What is expected. Everything in the listing below must be set down again exactly, apart from the pictures.

Supplied records.
§
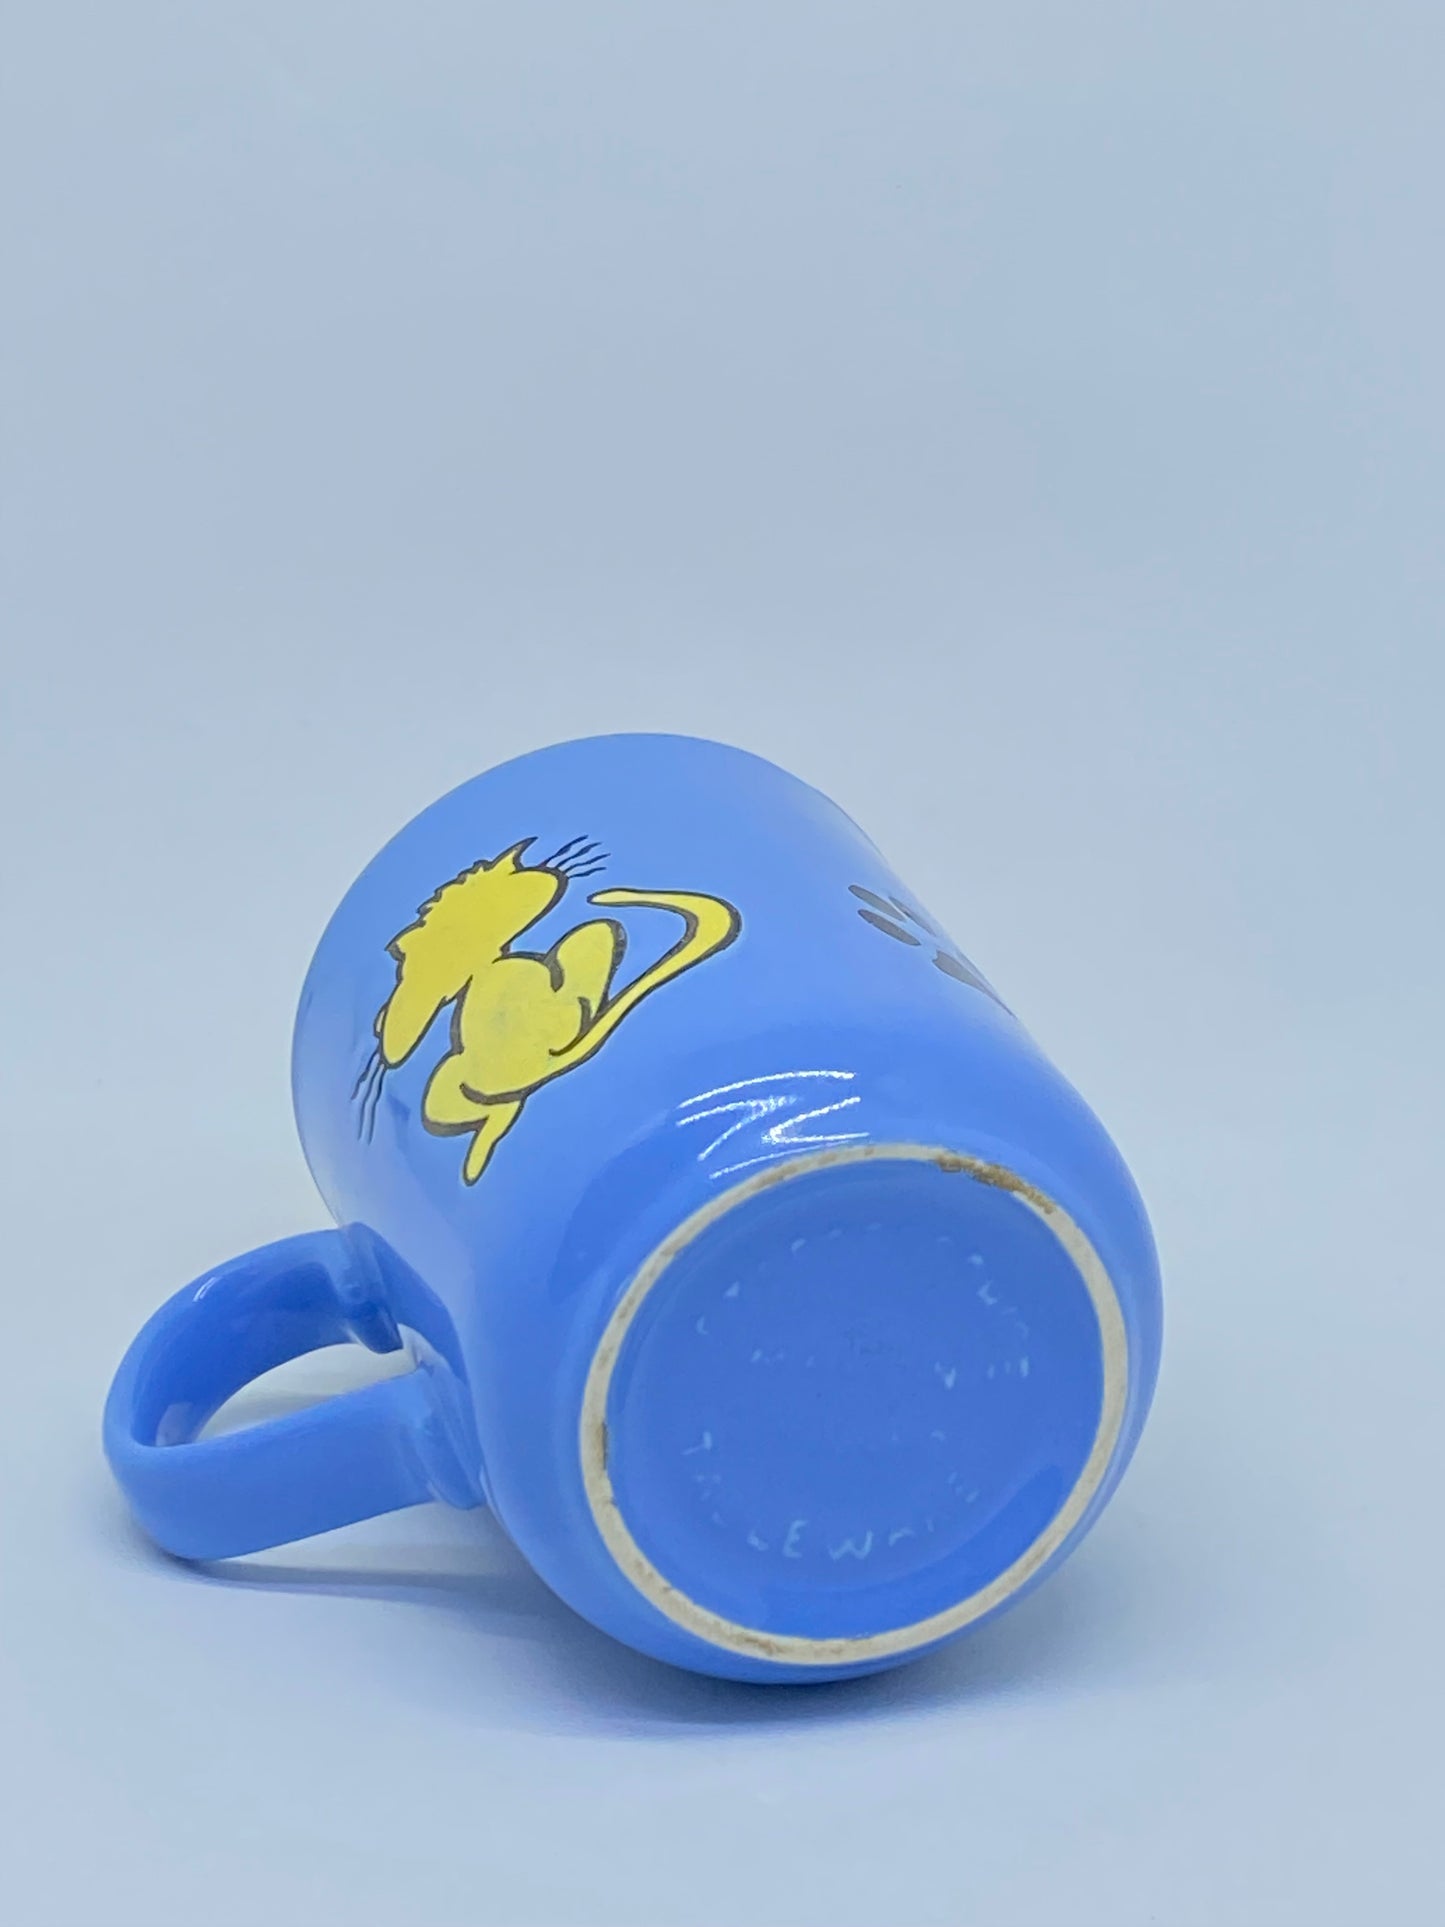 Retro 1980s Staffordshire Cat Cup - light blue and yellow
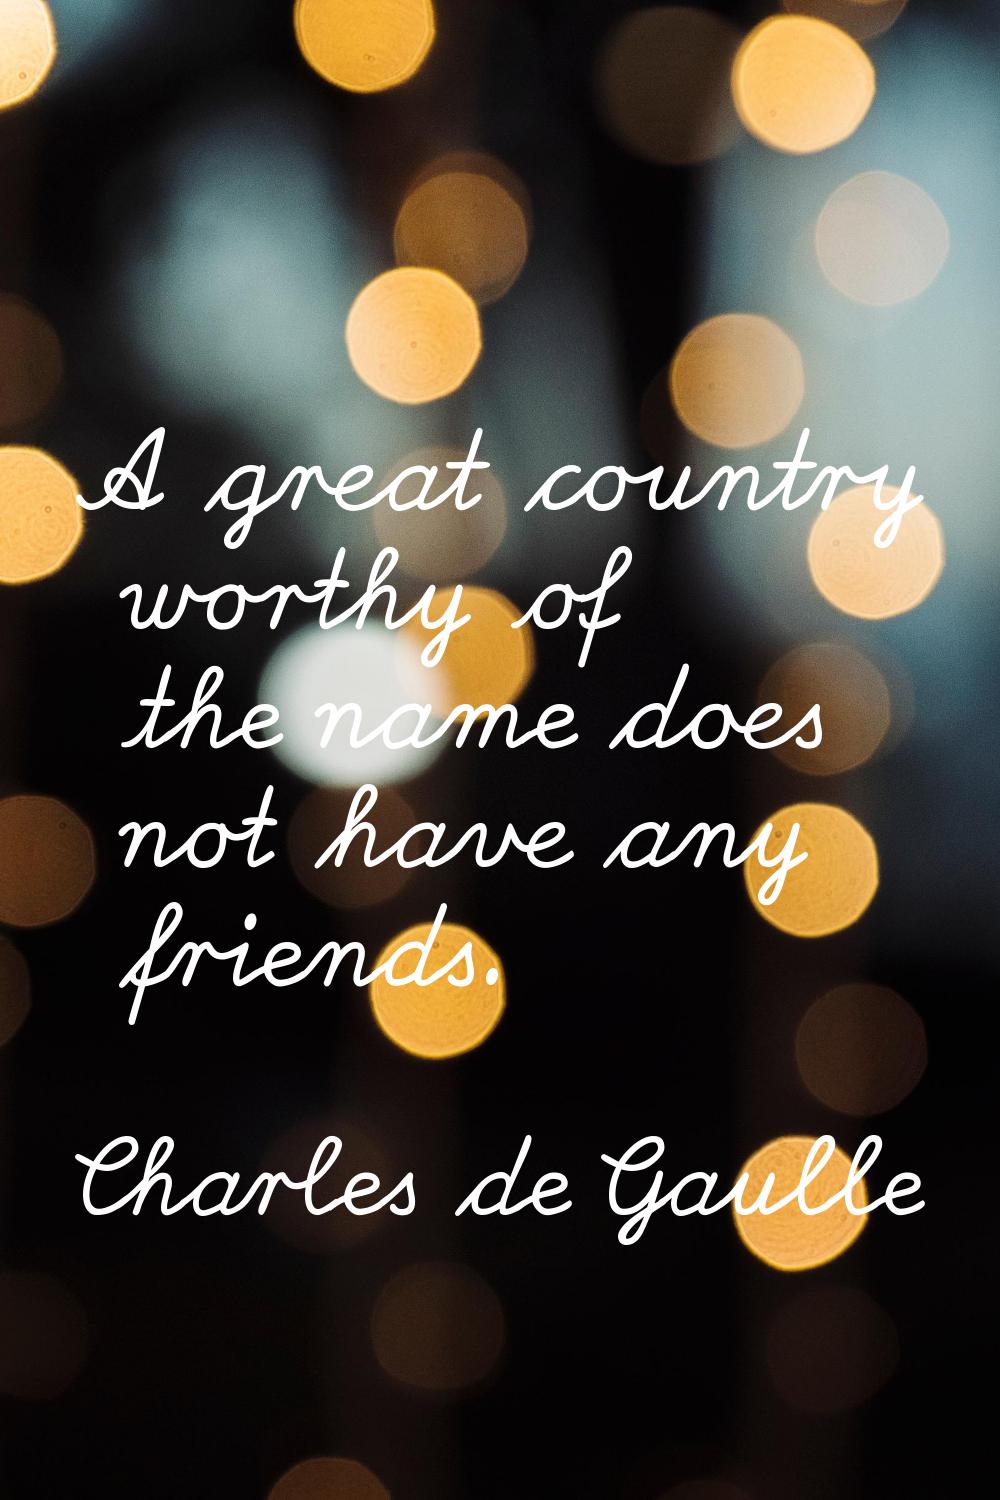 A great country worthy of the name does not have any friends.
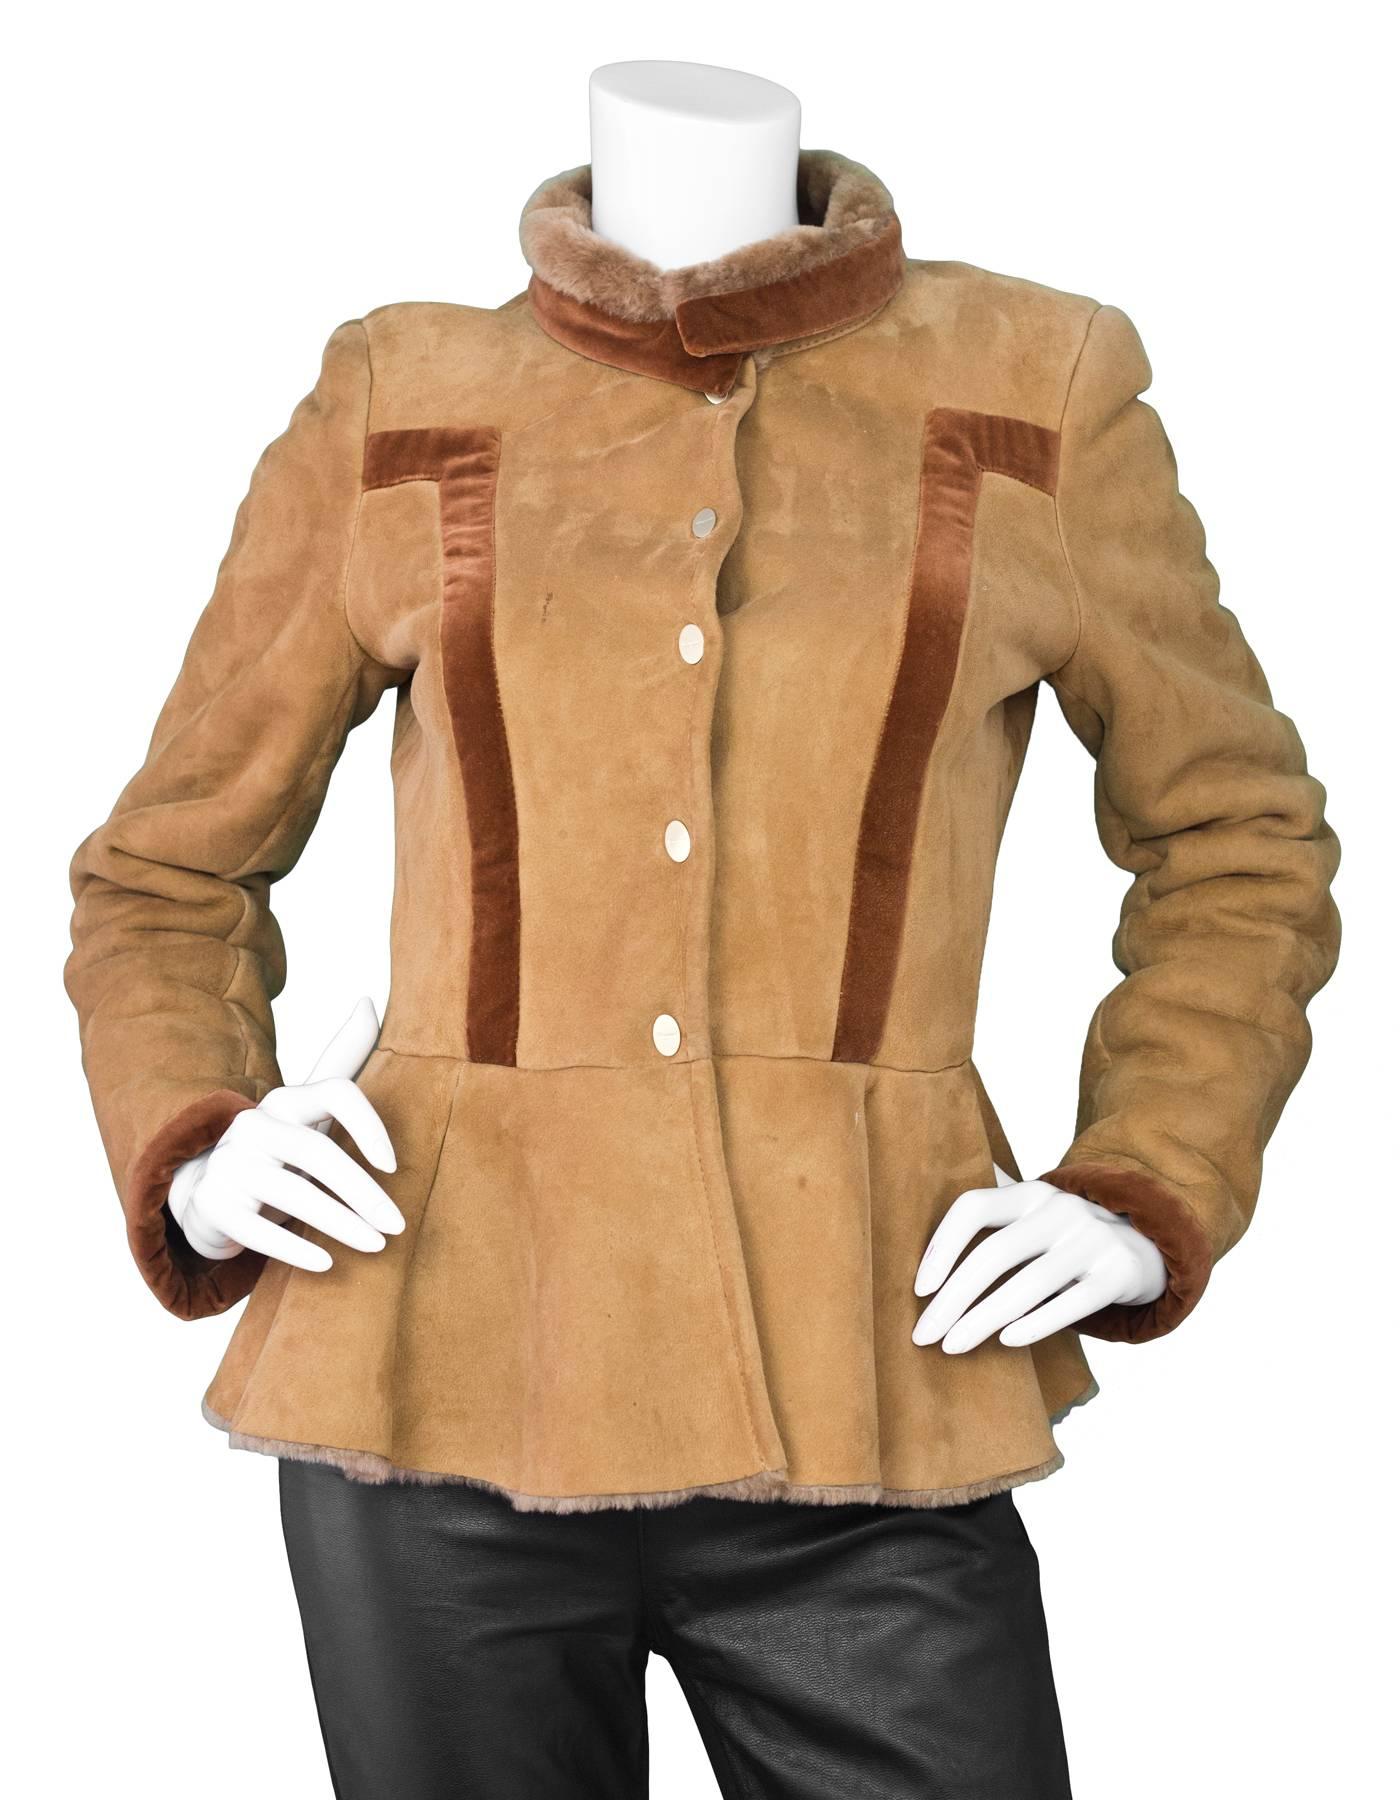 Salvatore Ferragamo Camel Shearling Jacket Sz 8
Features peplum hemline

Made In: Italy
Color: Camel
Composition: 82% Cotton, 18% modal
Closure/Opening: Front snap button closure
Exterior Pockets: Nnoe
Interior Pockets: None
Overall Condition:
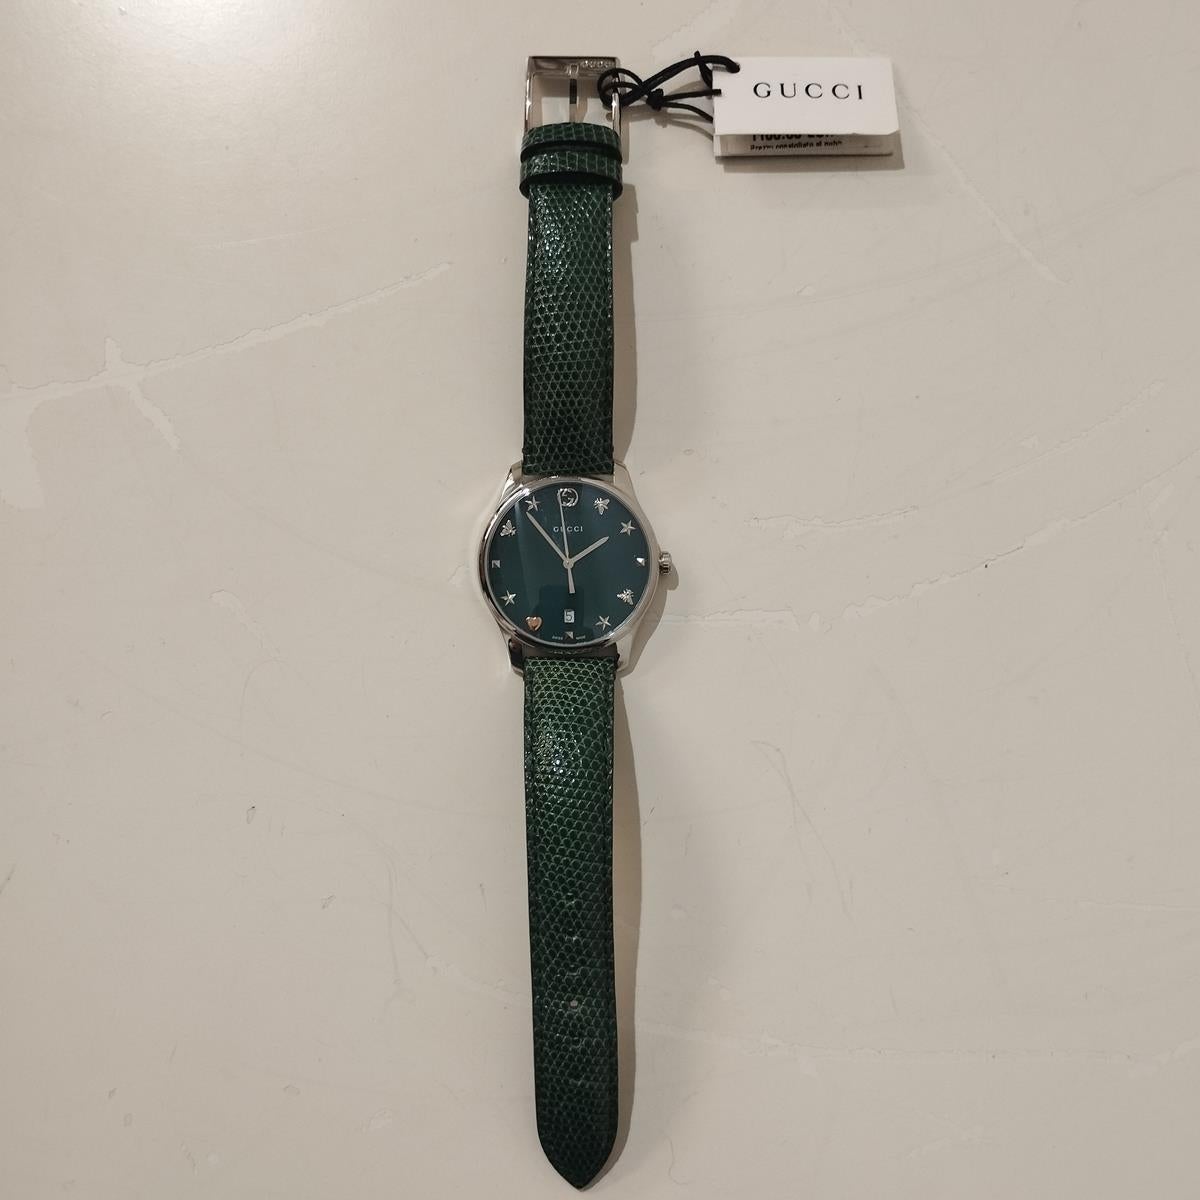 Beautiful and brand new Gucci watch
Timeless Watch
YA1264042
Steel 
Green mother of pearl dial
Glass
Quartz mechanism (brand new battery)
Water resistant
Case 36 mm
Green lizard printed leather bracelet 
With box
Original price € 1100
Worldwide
§
Written answer.
 Retro 1980s Staffordshire Cat Cup - light blue and yellow
 A great country worthy of the name does not have any friends.
 Salvatore Ferragamo Camel Shearling Jacket Sz 8
Features peplum hemline

Made In: Italy
Color: Camel
Composition: 82% Cotton, 18% modal
Closure/Opening: Front snap button closure
Exterior Pockets: Nnoe
Interior Pockets: None
Overall Condition:
 Beautiful and brand new Gucci watch
Timeless Watch
YA1264042
Steel 
Green mother of pearl dial
Glass
Quartz mechanism (brand new battery)
Water resistant
Case 36 mm
Green lizard printed leather bracelet 
With box
Original price € 1100
Worldwide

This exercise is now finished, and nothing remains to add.